- Book: Gospel of Matthew
- Christian Bible part: New Testament

= Matthew 9:35 =

Matthew 9:35 is a verse in the ninth chapter of the Gospel of Matthew in the New Testament.

==Content==
In the original Greek according to Westcott-Hort for this verse is:
Καὶ περιῆγεν ὁ Ἰησοῦς τὰς πόλεις πάσας καὶ τὰς κώμας, διδάσκων ἐν ταῖς συναγωγαῖς αὐτῶν, καὶ κηρύσσων τὸ εὐαγγέλιον τῆς βασιλείας, καὶ θεραπεύων πᾶσαν νόσον καὶ πᾶσαν μαλακίαν ἐν τῷ λαῷ.

In the King James Version of the Bible the text reads:
And Jesus went about all the cities and villages, teaching in their synagogues, and preaching the gospel of the kingdom, and healing every sickness and every disease among the people.

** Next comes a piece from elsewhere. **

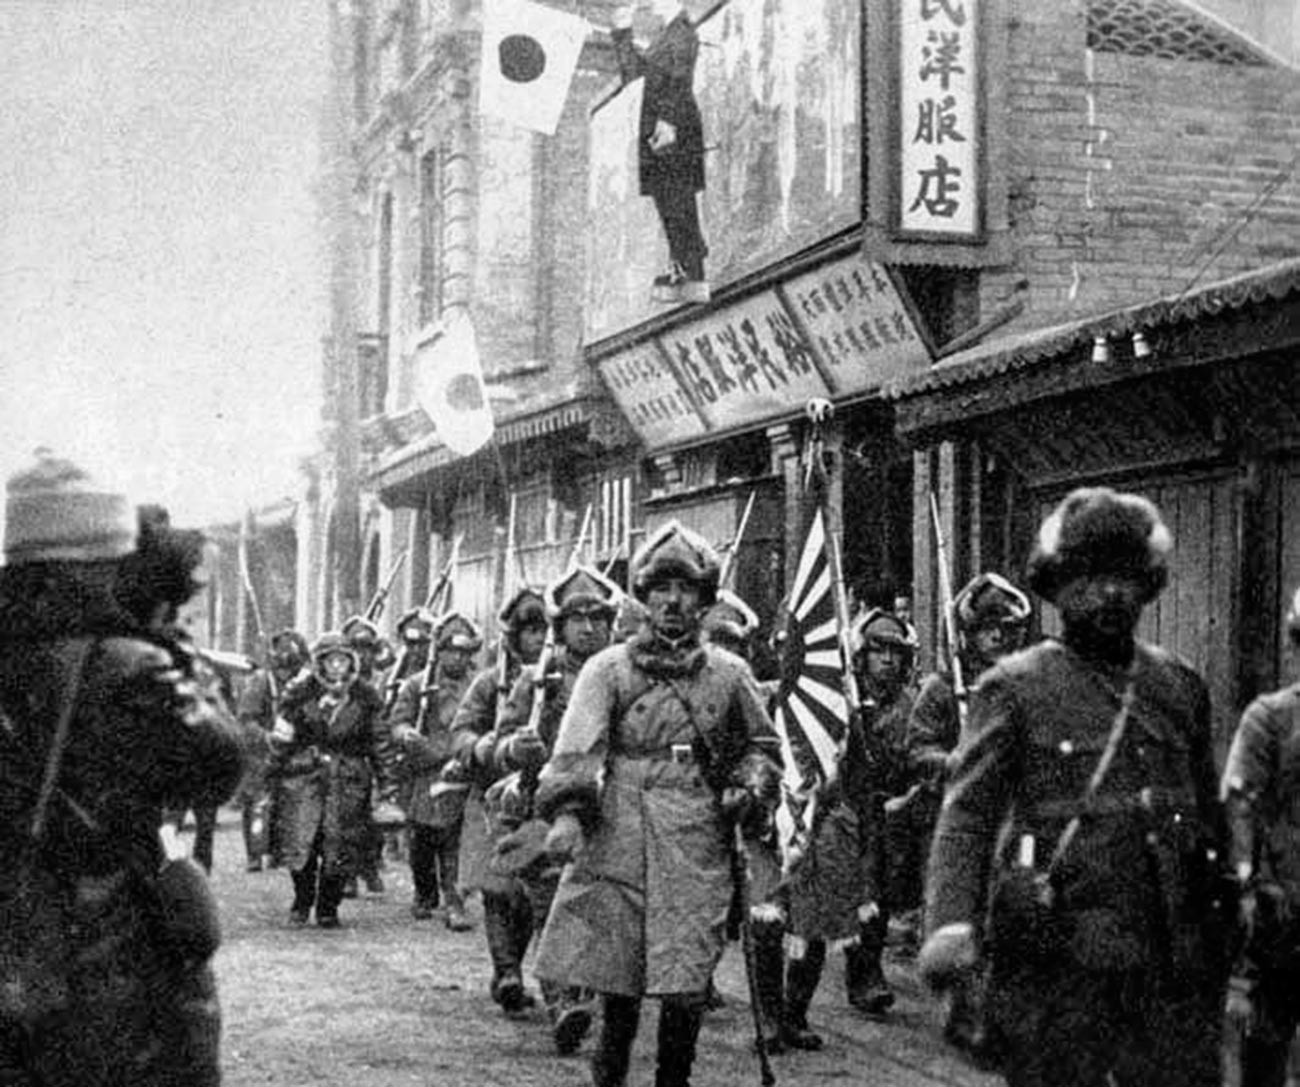 Tropas japonesas entrando em Chinchow.

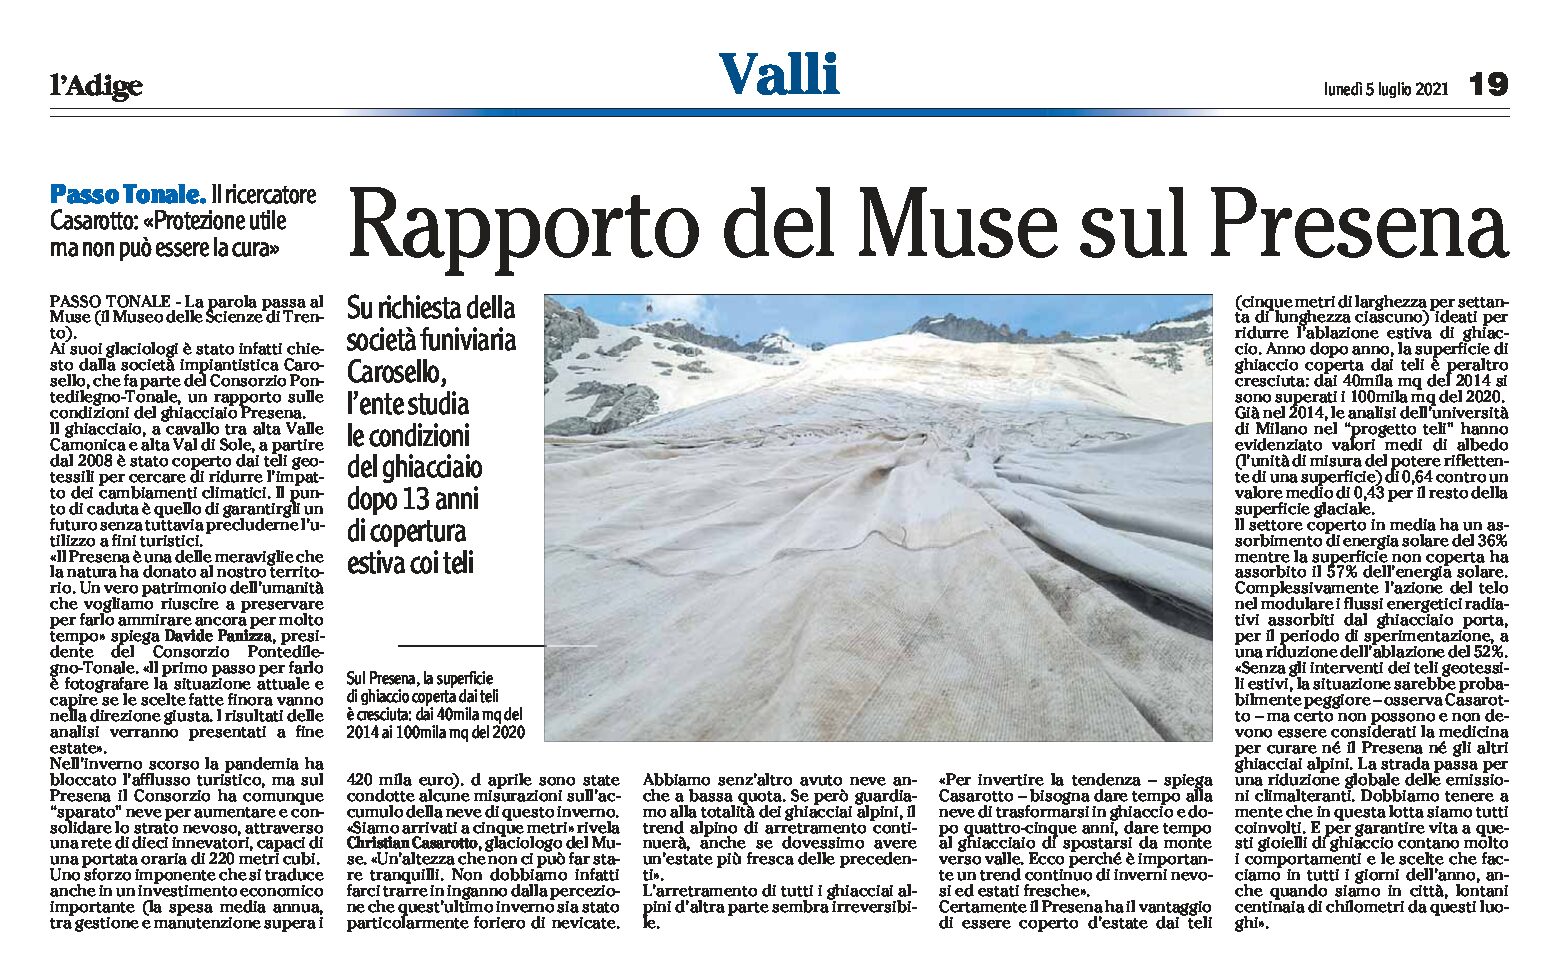 Passo Tonale: rapporto del Muse sul Presena. L’ente studia le condizioni del ghiacciaio dopo 13 anni di copertura estiva coi teli

The New International Version translates the passage as:
Jesus went through all the towns and villages, teaching in their synagogues, preaching the good news of the kingdom and healing every disease and sickness.

==Analysis==
Both MacEvilly and Lapide state that the point of this verse is that Jesus taught both in the small humble towns and the larger cities, giving an example to preachers not just to be drawn to the large churches in important cities.

See also Matthew 9#Jesus' compassion.

==Commentary from the Church Fathers==
Chrysostom: " The Lord would refute by actions the charge of the Pharisees, who said, He casteth out dæmons by the Prince of the dæmons; for a dæmon having suffered rebuke, does not return good but evil to those who have not shewn him honour. But the Lord on the other hand, when He has suffered blasphemy and contumely, not only does not punish, but does not utter a hard speech, yea He shews kindness to them that did it, as it here follows, And Jesus went about all their towns and villages. Herein He teaches us not to return accusations to them that accuse us, but kindness. For he that ceases to do good because of accusation, shews that his good has been done because of men. But if for God’s sake you do good to your fellow-servants, you will not cease from doing good whatever they do, that your reward may be greater."

Jerome: " Observe how equally in villages, cities, and towns, that is to great as well as small, He preaches the Gospel, not respecting the might of the noble, but the salvation of those that believe. It follows, Teaching in their synagogues; this was His meat, going about to do the will of His Father, and saving by His teaching such as yet believed not."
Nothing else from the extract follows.